1. This petition for revision reveals a unique effort made by a few citizens of Chandigarh to put the authorities responsible for running bus transport in the city on its toes. Taking and of S. 91 of the Civil P.C., whereunder any two or more persons with the leave of the Court can, in the case of wrongful act, affecting or likely to affect the public, seek a declaration and injunction and such other relief as may be appropriate in the circumstances of the case, the plaintiff-respondents approached the Court of Shri Amarjit Singh Katari, P.C.S. Sub-Judge Ist Class, Chandigarh complaining that the public transport provided by the Chandigarh Transport Undertaking was in a complete mess inasmuch as neither were its buses roadworthy nor their drivers physically fit which had resulted in numerous accidents in the town making it hazardous for people to move on roads.
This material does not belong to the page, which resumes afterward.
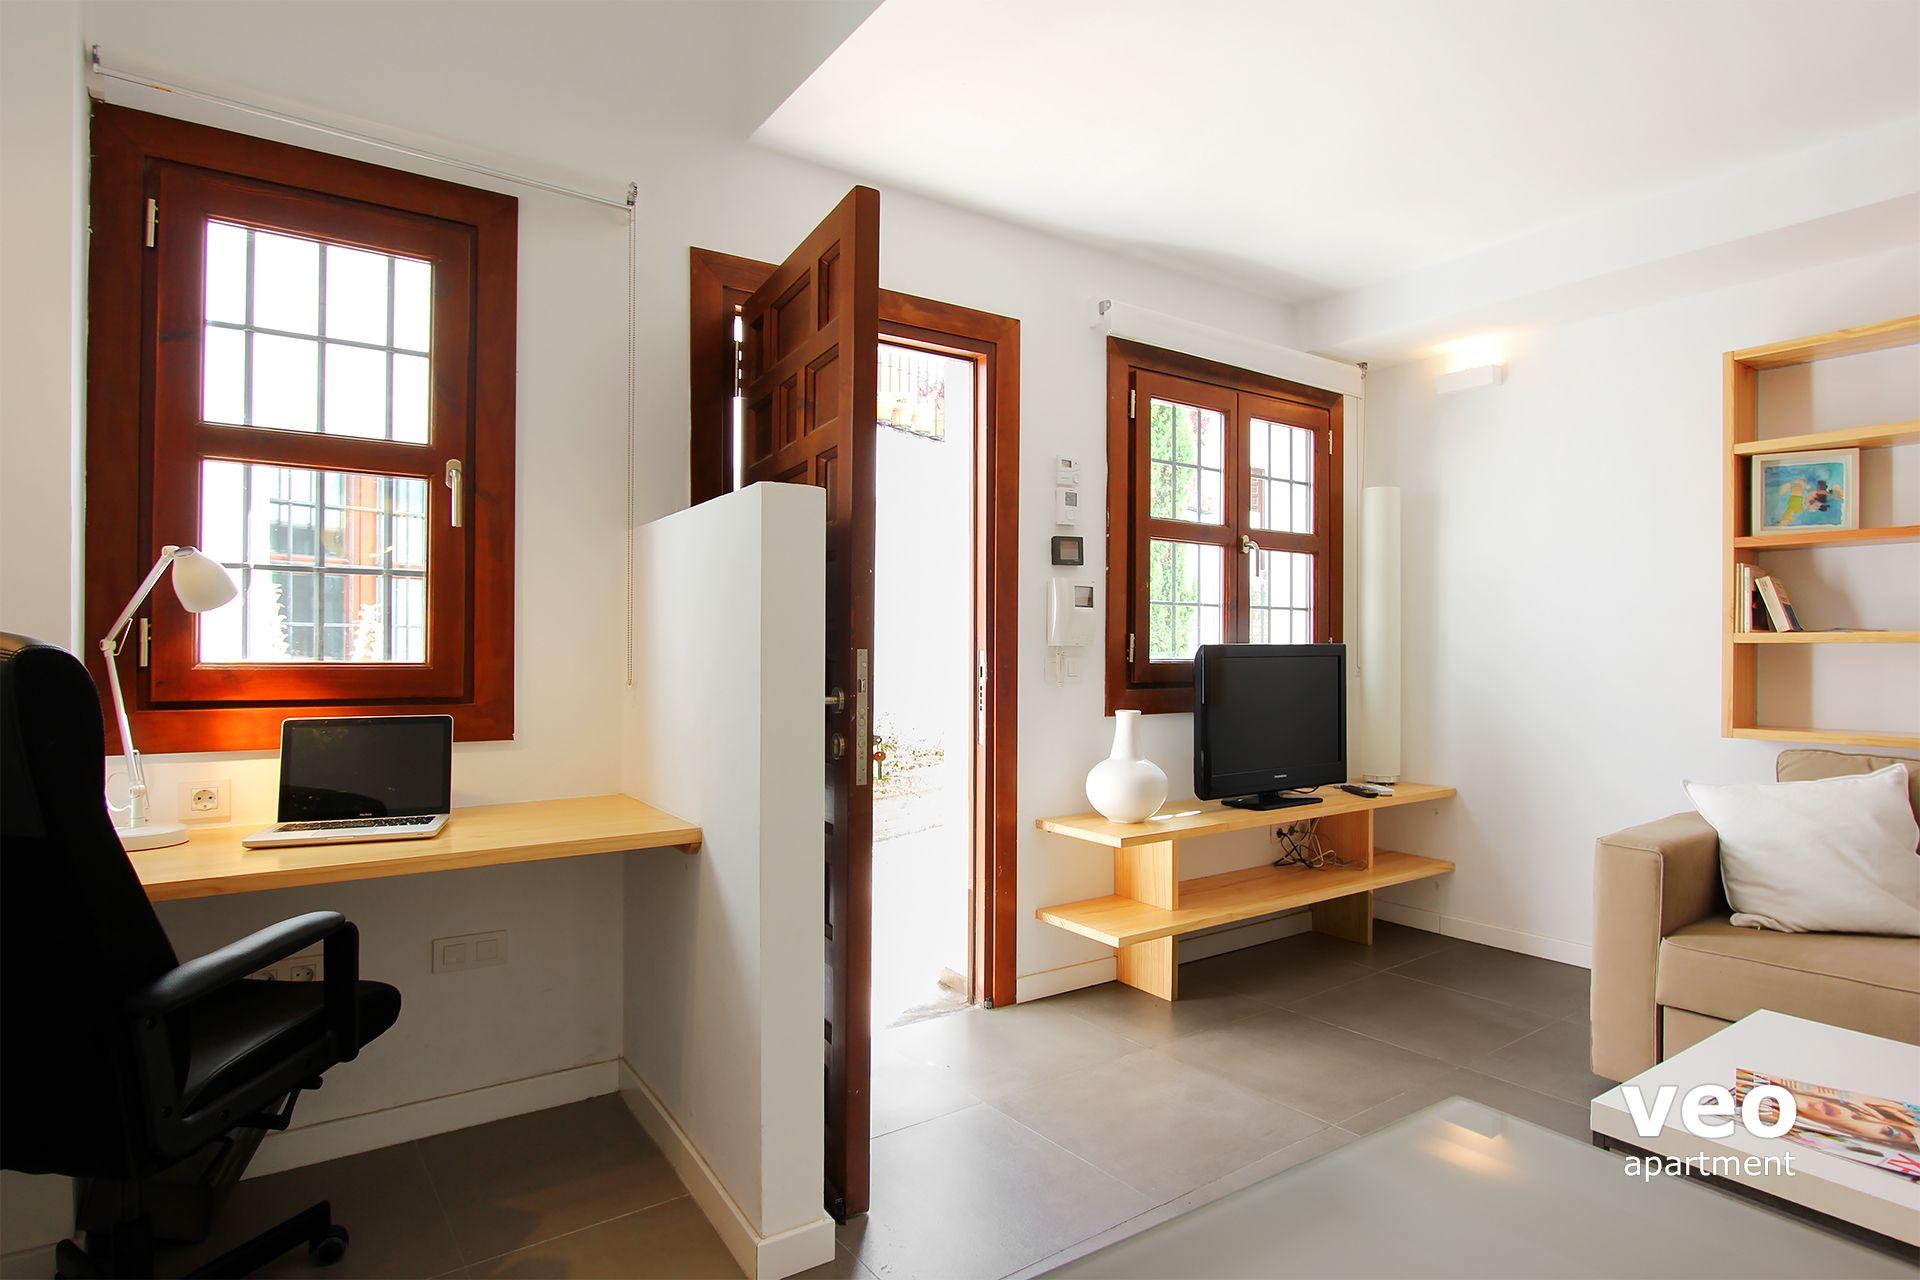 appartement rue san jos alta s ville espagne san jos 2 terrasse location d 39 appartement. Black Bedroom Furniture Sets. Home Design Ideas

The Court having granted leave to them, as envisaged under S. 91, Civil P.C. also entertained their application for interim relief and passed the following order, now sought to be impugned in this petition:--
'Thus, the plaintiffs have the right to know the condition of buses being run by the Chandigarh Transport Undertaking so that they cease to be a death hazard to the citizen who travel in them. Citizen of our country, especially of Chandigarh, are also entitled to know as to whether the drivers who drive the buses are mentally and physically fit so that the accidents caused by them daily due to the rash and negligent driving of the buses could be avoided so as to maintain the constitutional guarantee given to every citizen of India by the Constitution of the country for right to live. Accordingly a committee consisting of following automobiles Engineers is appointed to report roadworthiness of the buses plied by the Chandigarh Transport Undertaking:--
(i) Sh. H. L. Vij
(ii) Sh. Harbhajan Singh
(iii) Sh. Suresh Misri
The Chandigarh Transport Undertaking shall pay Rs. 100/- each as remuneration to each of them and afford the access to inspect five buses in the yard of Chandigarh Transport Undertaking at random for a period of one month from the date of this order. The Chandigarh Administration is also directed to supply particulars of all the drivers plying its buses and their complete bio-data regarding facts of rash and negligent driving committed by each of the driver. To come up for report of the committee of the Chandigarh Administration on 16-7-85.'
2. The operation of this order was stayed ad interim on motion by this Court.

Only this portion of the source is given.